We can implement this like:

test' :: Int -> [a] -> [a]
test' _ [] = []
test' i (x:xs) = rep i
    where rep j | j > 0 = x : rep (j-1)
                | otherwise = test' (i+1) xs

So now we only need to define test in terms of test', here we can say that test with a list l is the same as test' with that list, and 1 as start index:

test :: [a] -> [a]
test = test' 1
    where test' _ [] = []
          test' i (x:xs) = rep i
              where rep j | j > 0 = x : rep (j-1)
                          | otherwise = test' (i+1) xs

We then obtain test results like:

Prelude> test ['1'..'3']
"122333"
Prelude> test [1..3]
[1,2,2,3,3,3]
Prelude> test [1, 4, 2, 5]
[1,4,4,2,2,2,5,5,5,5]
Prelude> test "ia2b"
"iaa222bbbb"

You can do this without any numbers. Let's work our way up to it. We'll use the accumulator approach, but instead of keeping a number in the accumulator, we'll keep a function that repeats its argument a certain number of times.

test0 :: [a] -> [a]
test0 xs = go rep1 xs
  where
    rep1 :: a -> [a]
    rep1 a = [a]

    go :: (a -> [a]) -> [a] -> [a]
    go _rep [] = []
    go rep (a : as) = rep a ++ go (oneMore rep) as

    oneMore :: (a -> [a]) -> (a -> [a])
    oneMore rep a = a : rep a

We start off calling go with rep1, a really simple function that turns its argument into a singleton list. Then on each recursive call, we modify the repeater function by making it repeat its argument one more time.

test0 works just fine, but it uses the ++ function, and you're not supposed to be using any predefined functions. Using ++ here also means that you have to build up the small lists and put them together, an inefficiency we can remove pretty easily.

Note that every time go calls rep, it immediately appends something else to the result. This suggests the solution: instead of having rep take an element and produce a list, let's have it take an element and a list, and produce a list consisting of the element repeated a certain number of times followed by the given list! So we'll have

rep1 "a" ["b", "c"] = ["a", "b", "c"]
rep2 "a" ["b", "c"] = ["a", "a", "b", "c"]

where rep1 and rep2 are the first two rep functions. Just a few adjustments are needed.

test :: [a] -> [a]
test = go rep1
  where
    rep1 :: a -> [a] -> [a]
    rep1 a as = a : as  -- Note: rep1 can be written as just (:)

    go :: (a -> [a] -> [a]) -> [a] -> [a]
    go _ [] = []
    go rep (a : as) = rep a (go (oneMore rep) as)
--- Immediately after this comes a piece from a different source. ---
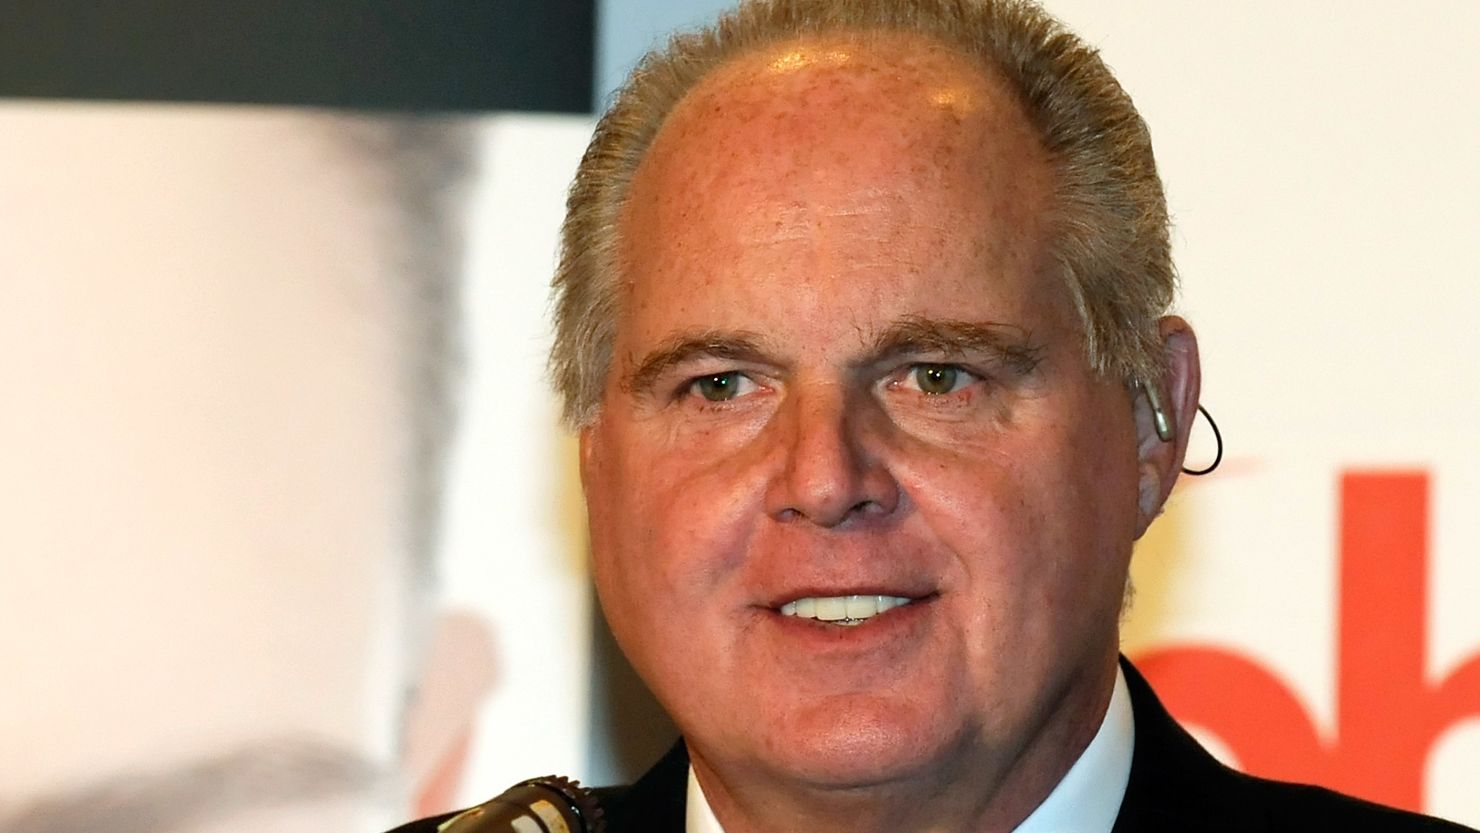 Right-wing commentator Rush Limbaugh: "Nine out of 10 bloggers writing high-tech hate Apple."

    oneMore :: (a -> [a] -> [a])
            -> a -> [a] -> [a]
    oneMore f a as = a : f a as

This really isn't an efficient way to solve the problem, but it's a rather minimalist approach.

Enumerations can produce ordinal numbers given a cardinal number. Indices are ordinal numbers. What this means is the digit in list a is the end number in the enumeration. Each index set (cardinal number set from ordinals) is [0..index]the first, actually zero is [0..1]. If we wanted to us ordinals it would be [1..1], then [1..2] and [1..3] But the function uses zero index out of habit and the cardinal number must be decrimented.

[b|b<-[1,2,3], a<-[0..b-1]]

Enumeration parameters are very much fun. Enumerations can be used as index parameters to other lists of any type. Enumerations can supply parameters to other functions and other enumerations.